Flavors in beer. Where they come from and are they positive or not? Part #1.
Hello. We are constantly working on our Craft Brewery, but the road will be long. The first documents are imported in various institutions. We also triggered the design of the brand, and in few weeks we will have a whole new identity.
Meanwhile we will introduce some very interesting and important facts about beers, and will share some very valuable knowledge about every beer lover.
This time we are revealing
Flavors in beers
Different flavors in beers have various sources. While some of them are created by different malts and hops, most of them are generally produced during fermentation. That’s why this is exactly the most important process during the whole brewing.
While some flavors are generally accepted in some beer styles, they must be entirely absent from others. So the first thing to do when we have a beer is to know which style it represents and what is typical for this exact style.
There are still some flavors, that are absolutely off for all the styles. Let’s begin our journey now!
- Diacetyl
This is one of the flavors, that is acceptable in some beer styles in some minor quantities. Maybe all of you know the Pilsner Urquell - THE Pilsner. Yup, it’s acceptable in pilsners some diacetyl to be presented. The first association when you hear diacetyl should be “butter”. Do you know how the microwave popcorn with butter smells like. That is diacetyl and in fact these popcorns do contain diacetyl. This is one of the aromas, that cannot be tasted by everyone. It depends on everyone’s personal receptors. Some people feel it, rather than smell it. It feels a bit oily on the tongue.

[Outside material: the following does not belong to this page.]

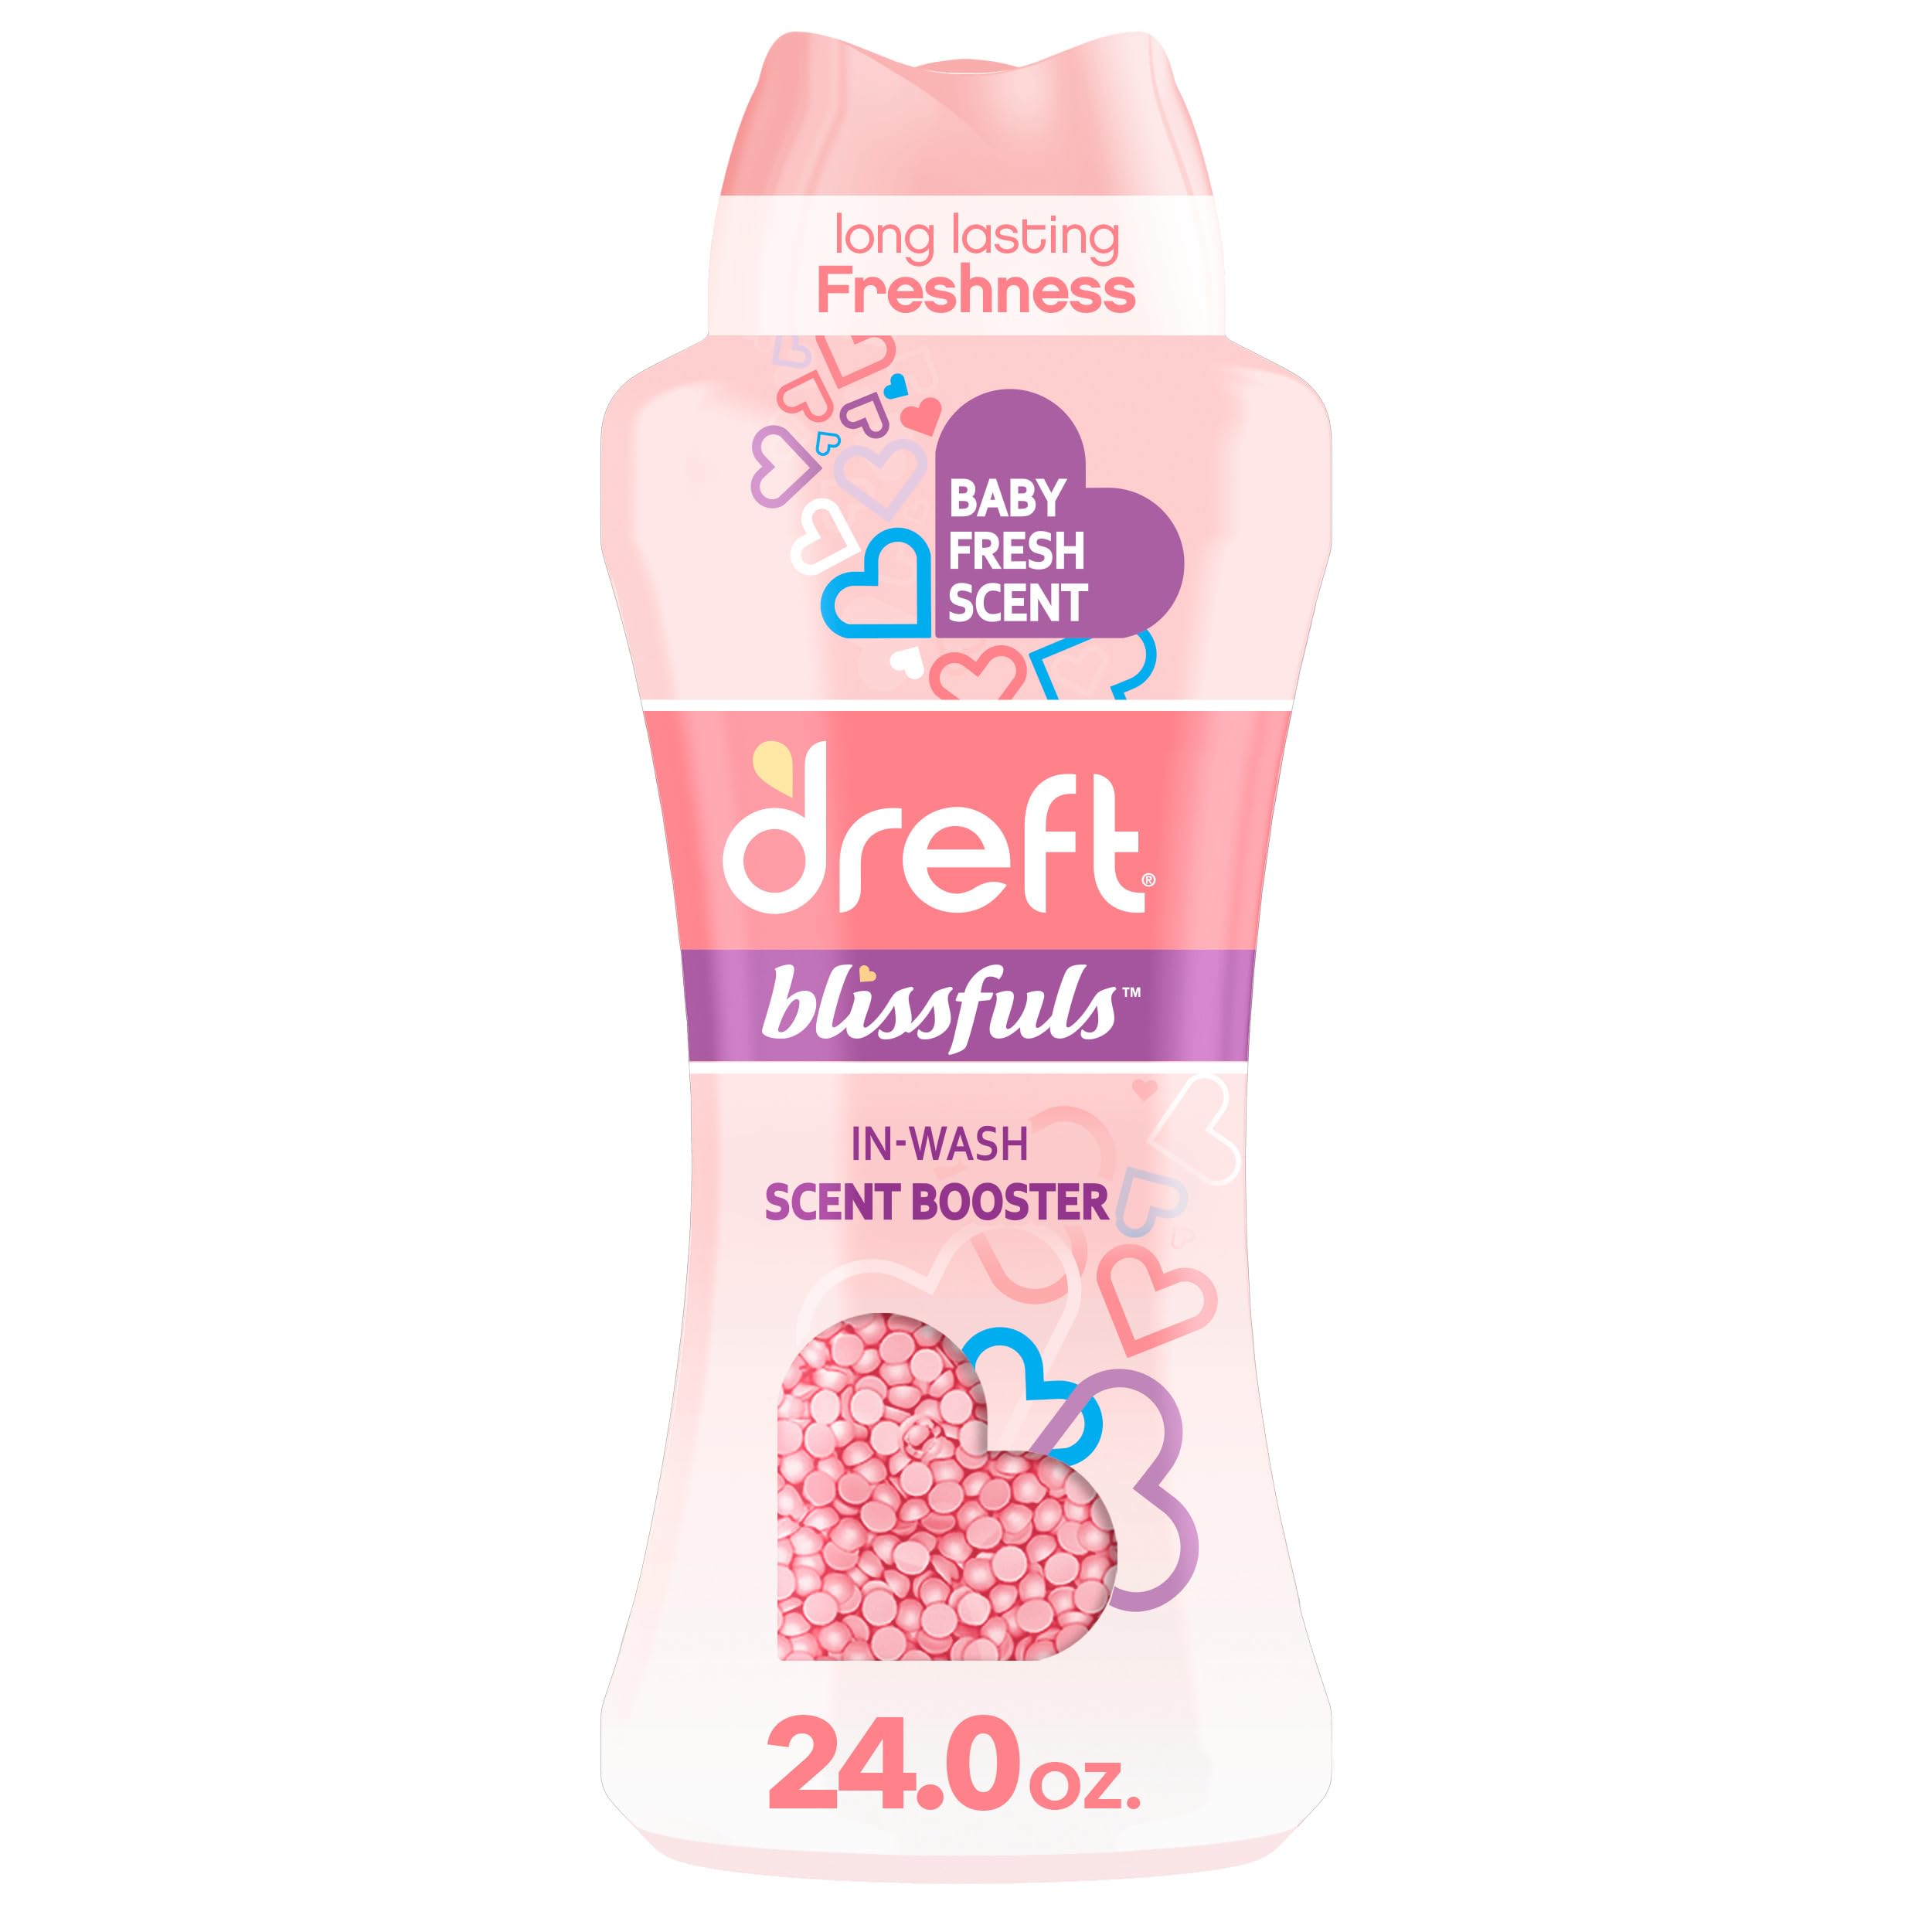 Dreft Blissfuls In-Wash Scent Booster Beads, Baby Fresh Scent, 24 oz

Diacetyl is a fermentation product and yeast tends to clear it, after the fermentation has ended. If the fermentation is stopped early, you can end with some diacetyl in your beer.
- Acetaldehyde
This is the green apple aroma. It’s generally an off flavor in all beers and generally indicates some oxidation during fermentation. It’s either produced during the early stages of fermentation, or in the final moments. Sometimes occurs during bottling, when the beer is splashed, or in case of PET bottles, where there is a great chance of oxidizing the golden liquid.
In fact this flavor is presented in all beers, but definitely is considered a flaw in high concentrations. Of course, there is a little range of beers, when this is a desired flavor, but it’s. It specific at all.
- Isoamyl acetate
This aroma is represented with the banana and pear comparison. It’s an eatery aroma and maybe all the beers contain a certain amount of esters. They are generally described as fruity aromas. Isoamyl acetate is a positive aroma in many lager beers and it’s characteristic for Heineken beers. Heineken tends to use horizontal fermenters. This results in less surface pressure and consecutively a greater amount of esters. That’s why these beers tend to be more fruity, even without the addition of much expensive hops. (In fact the hops are most pricey ingredient in the beer!).
Esters do increase with the fermentation temperatures.
- Ethyl Butyrate.
This ester contributes to the overall tropical profile in the beers. It’s prodused again by the yeast during femenstion and it’s directly connected with the temperature of fermentation. But... BUT!
Thic chemical sometimes can indicate a problem with the hygiene in the brewhouse. A fun fact is, that it’s presented in the American Budweiser! Is it due to hygiene problems, or just fermentation conditions? We will leave your imagination play with you!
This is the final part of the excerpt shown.